**DATASET CONTENT**
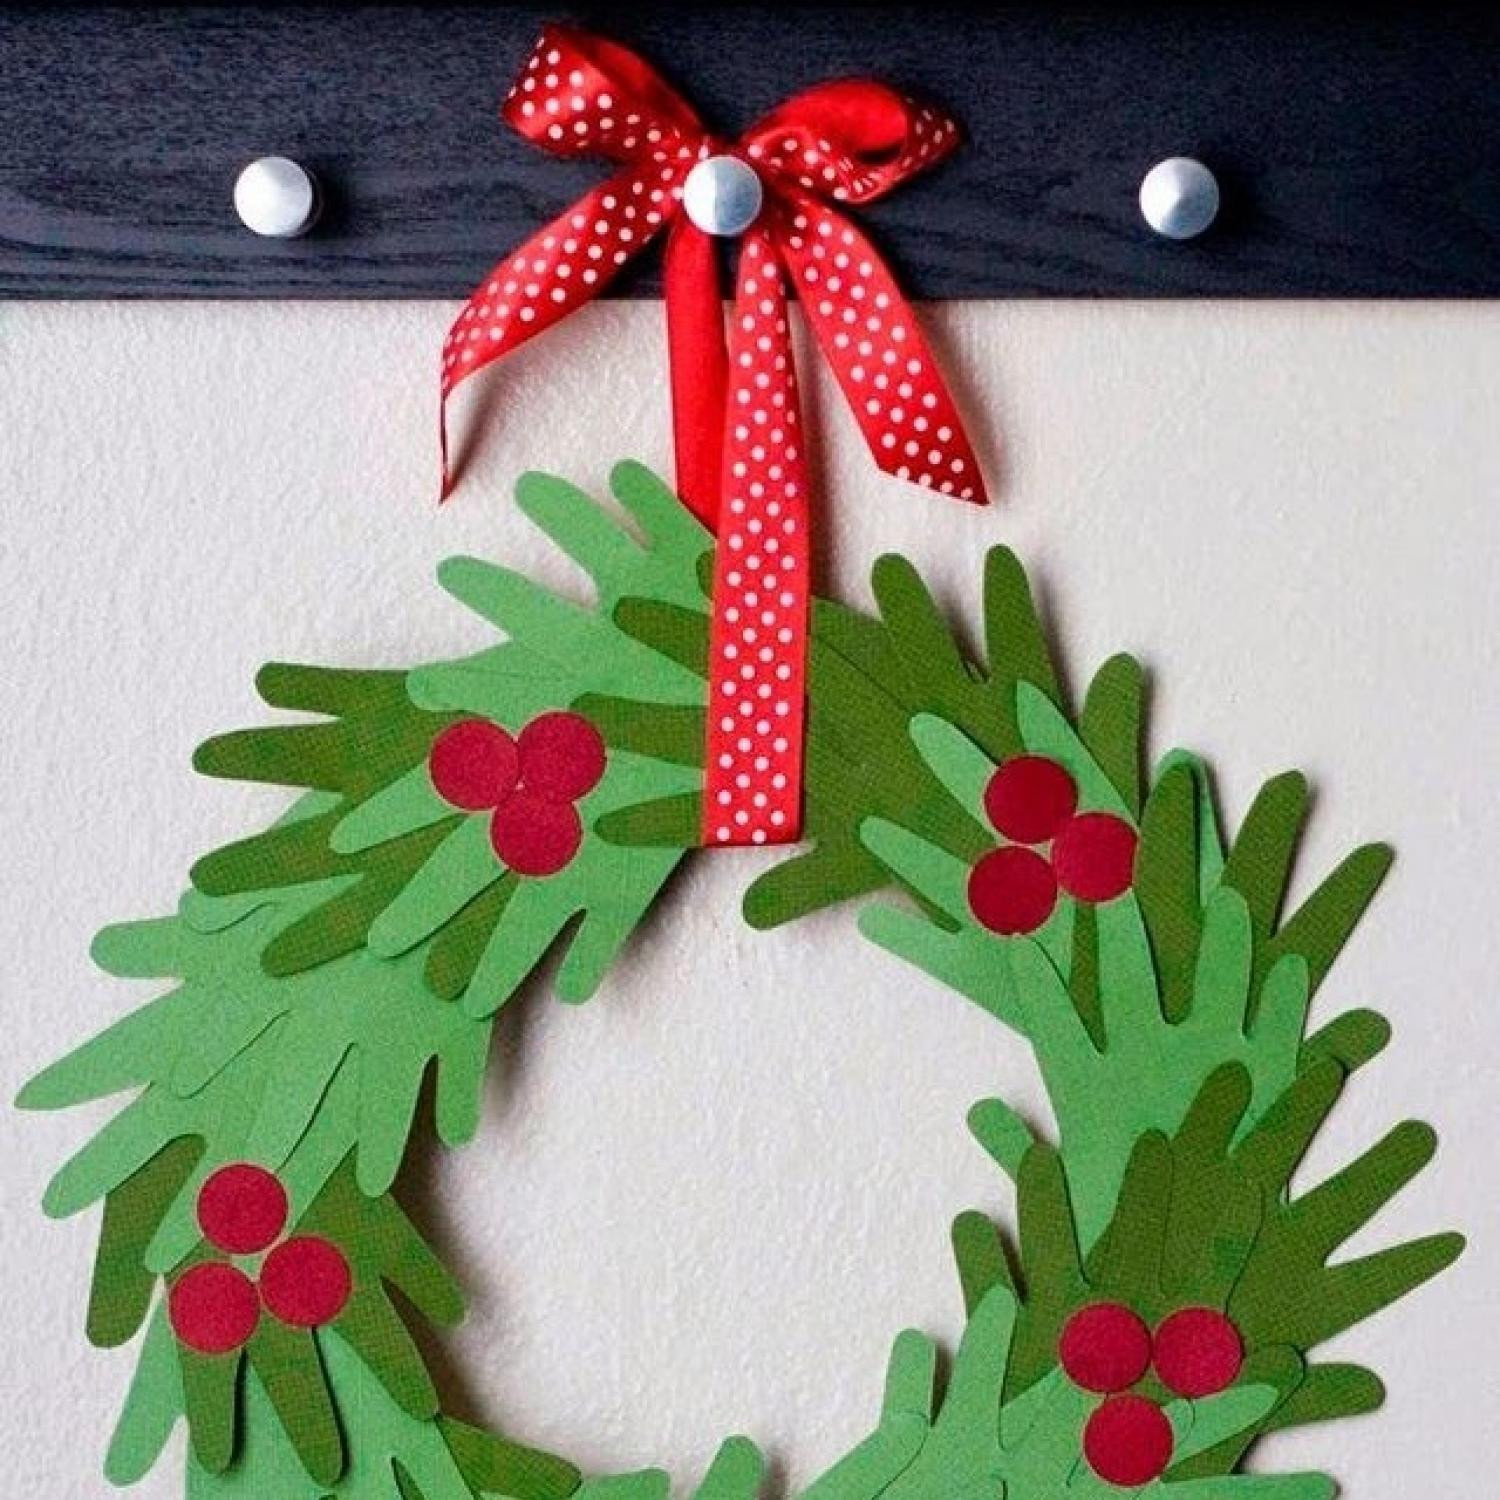 Craft Ideas For Christmas
 10 Handprint Christmas Crafts for Kids
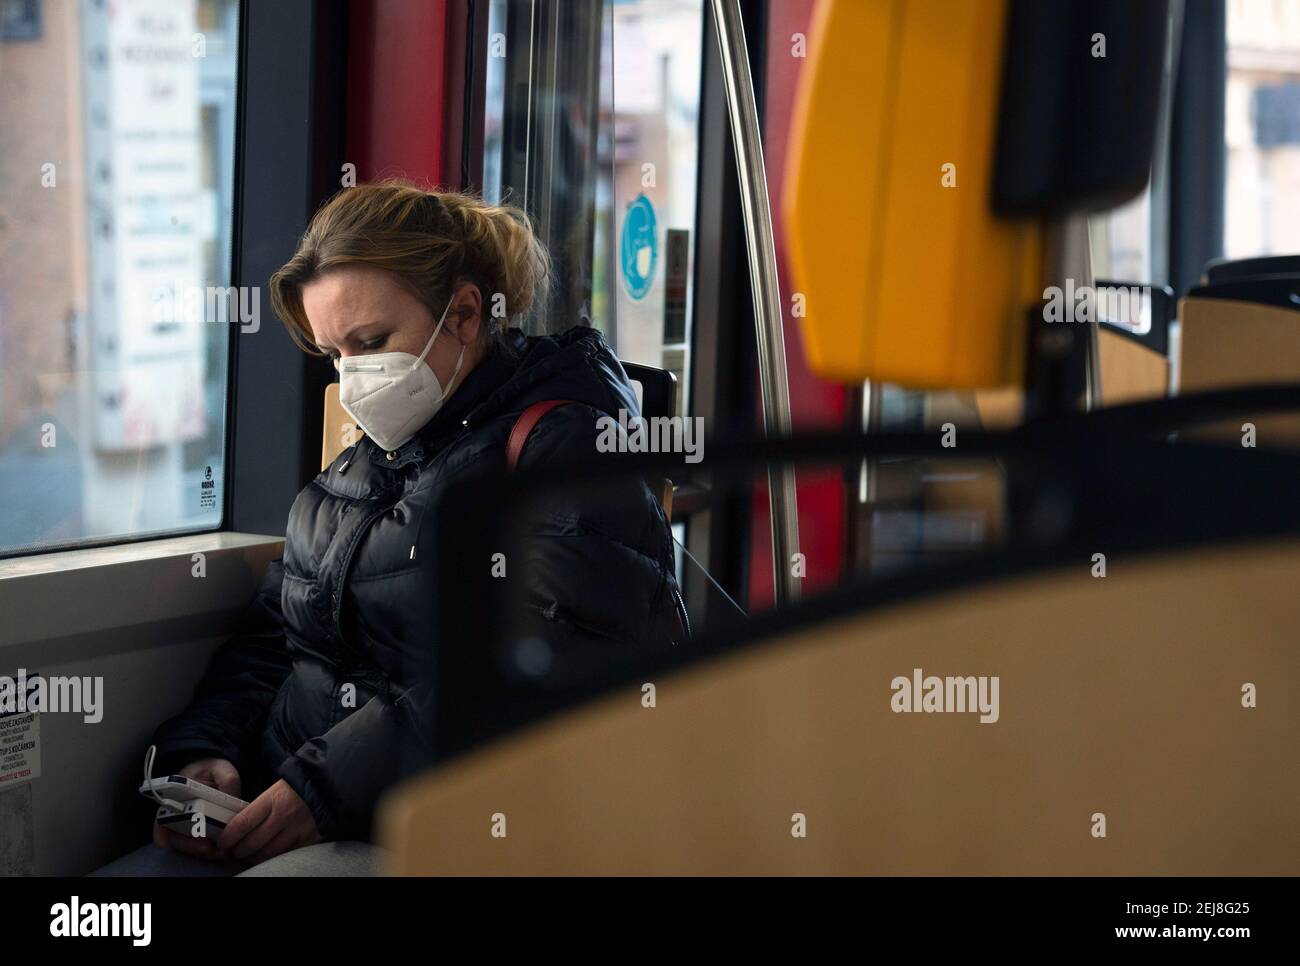 Prague, Czech Republic. 20th Feb, 2021. People with respirators in public transport, on Saturday, February 20, 2021, in Prague, Czech Republic. Health Ministry orders wearing of respirators, nano masks or two surgical face masks in shops, public transport and other public places from Monday, February 22. Credit: Katerina Sulova/CTK Photo/Alamy Live News Stock Photo

**ABOUT THIS EXERCISE**
From the line containing "10 Handprint Christmas Crafts for Kids" to the last line of the material, every line is to be reproduced exactly. No picture belongs in the copy.

**WORKED SOLUTION**
 10 Handprint Christmas Crafts for Kids
 Prague, Czech Republic. 20th Feb, 2021. People with respirators in public transport, on Saturday, February 20, 2021, in Prague, Czech Republic. Health Ministry orders wearing of respirators, nano masks or two surgical face masks in shops, public transport and other public places from Monday, February 22. Credit: Katerina Sulova/CTK Photo/Alamy Live News Stock Photo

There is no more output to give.